SOC 436 Response Sheet #4Read: Investigating Deviance, Part III: pp 107-128.
Instructions: Answer the following questions in
complete sentences. Type your answers using a 12-point Times New Roman Font, single-spaced, with 1" top, bottom, and side margins. Put your name on every sheet in the upper right hand corner in the format "Last name,
First name." Put page numbers in the upper right hand corner beginning with your second page. Put SOC 436 and the assignment number in the upper left hand corner of the first sheet. Staple multiple pages together in the upper
left hand corner. This assignment is worth 10 points.

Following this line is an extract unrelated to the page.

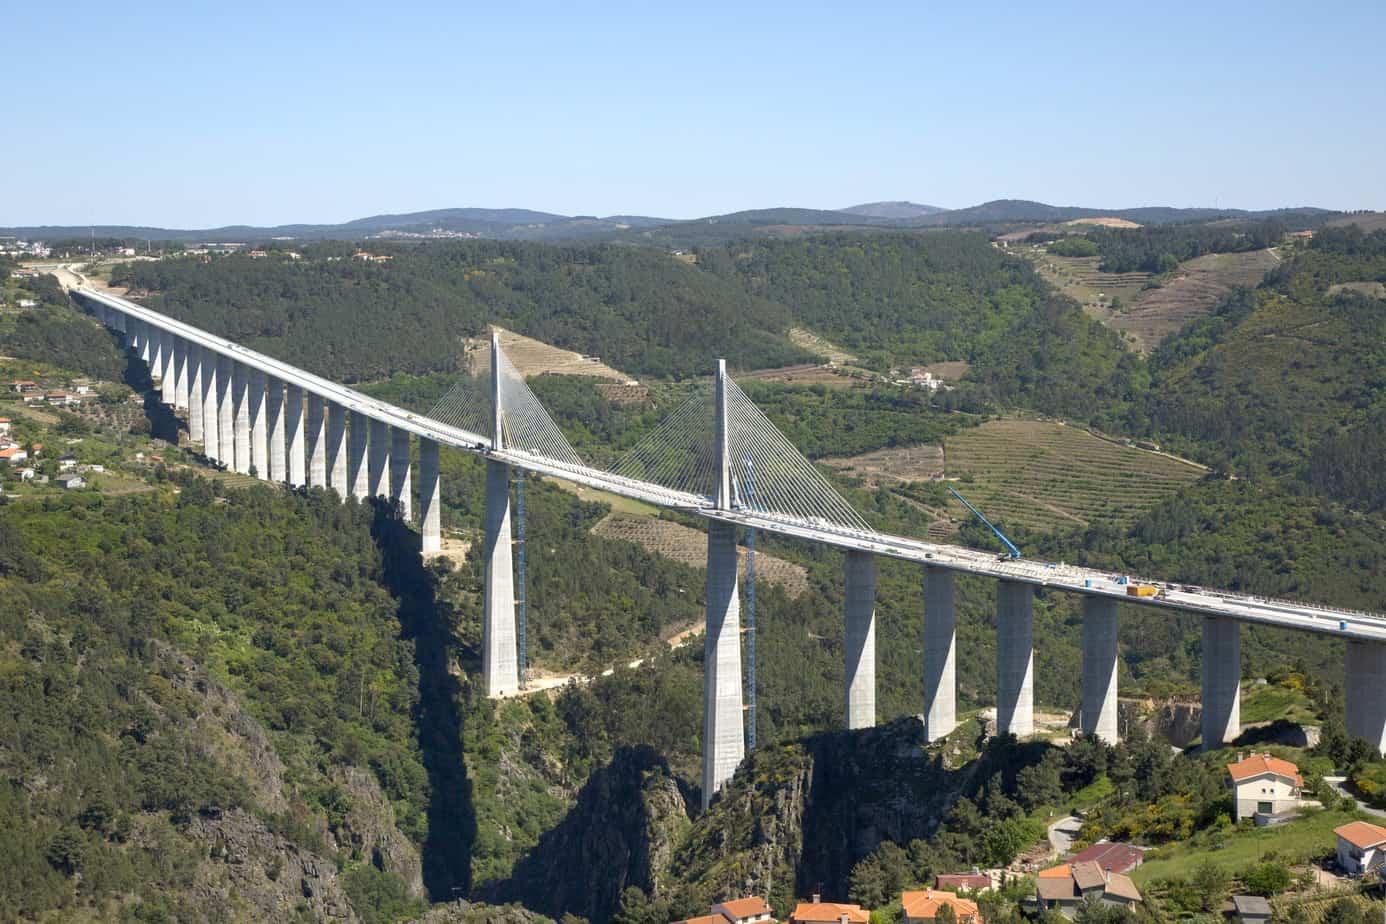 Il viadotto della vallata del fiume Corgo, lungo 2.796 m e con campata centrale di 300 m

1. Serious rule breakers are often members of what kind of population according to Jacobs?
2. How are those who study serious rule-breaking often perceived?
3. Collecting "thick descriptions" relies on what type of methods, according to Jacobs?
4. Why can't valid descriptive information about
rule breakers typically be collected from official sources?
5. Why do UCR data represent a "truncated and highly distorted" version of reality according to Jerome Miller?
6. Being arrested is largely a function of what, according to Jacobs?
7. What is the media number of lifetime sex partners for women and men, respectively?
8. What is the major challenge of any social survey?
9. In terms of sex research, Laumann et. al. point out that most of it has been directed at what kind of individuals?
10. What two key factors must be
considered when deciding how large a sample size for a given study should be?
11. What type of survey tends to get the highest response rate?
12. What concerns did callers to the NHSLS hotline voice about
the research and interviewers?
13. What is the principle advantage of a telephone survey and what are two key disadvantages?
14. What are two reasons why slang and colloquial speech are likely to be
problematic in surveys?
15. Why are qualitative methods so important for the study of deviant behavior according to Jacobs?
16. Why did Luther rob Bruce Jacobs and harass him for weeks?
17. What does Wolff contend is necessary for successful fieldwork?
18. Why is "snitching" not a good choice for a researcher according to Jacobs?
19. Why don't studies of incarcerated offenders provide the
kind of information about street-level drug dealers that might be of the greatest interest to someone studying drug-dealing or some other form of crime?
20. What did the term "SCAT," yelled by street-level dealers mean?
21. Why did the police turn out to be absolutely essential to Jacob's research?
22. Can ethnographers who study criminals be sent to jail for protecting their sources of data and/or withholding
information?
23. What does Jacobs mean when he states that "Researching active offenders requires on to balance conflicting agendas?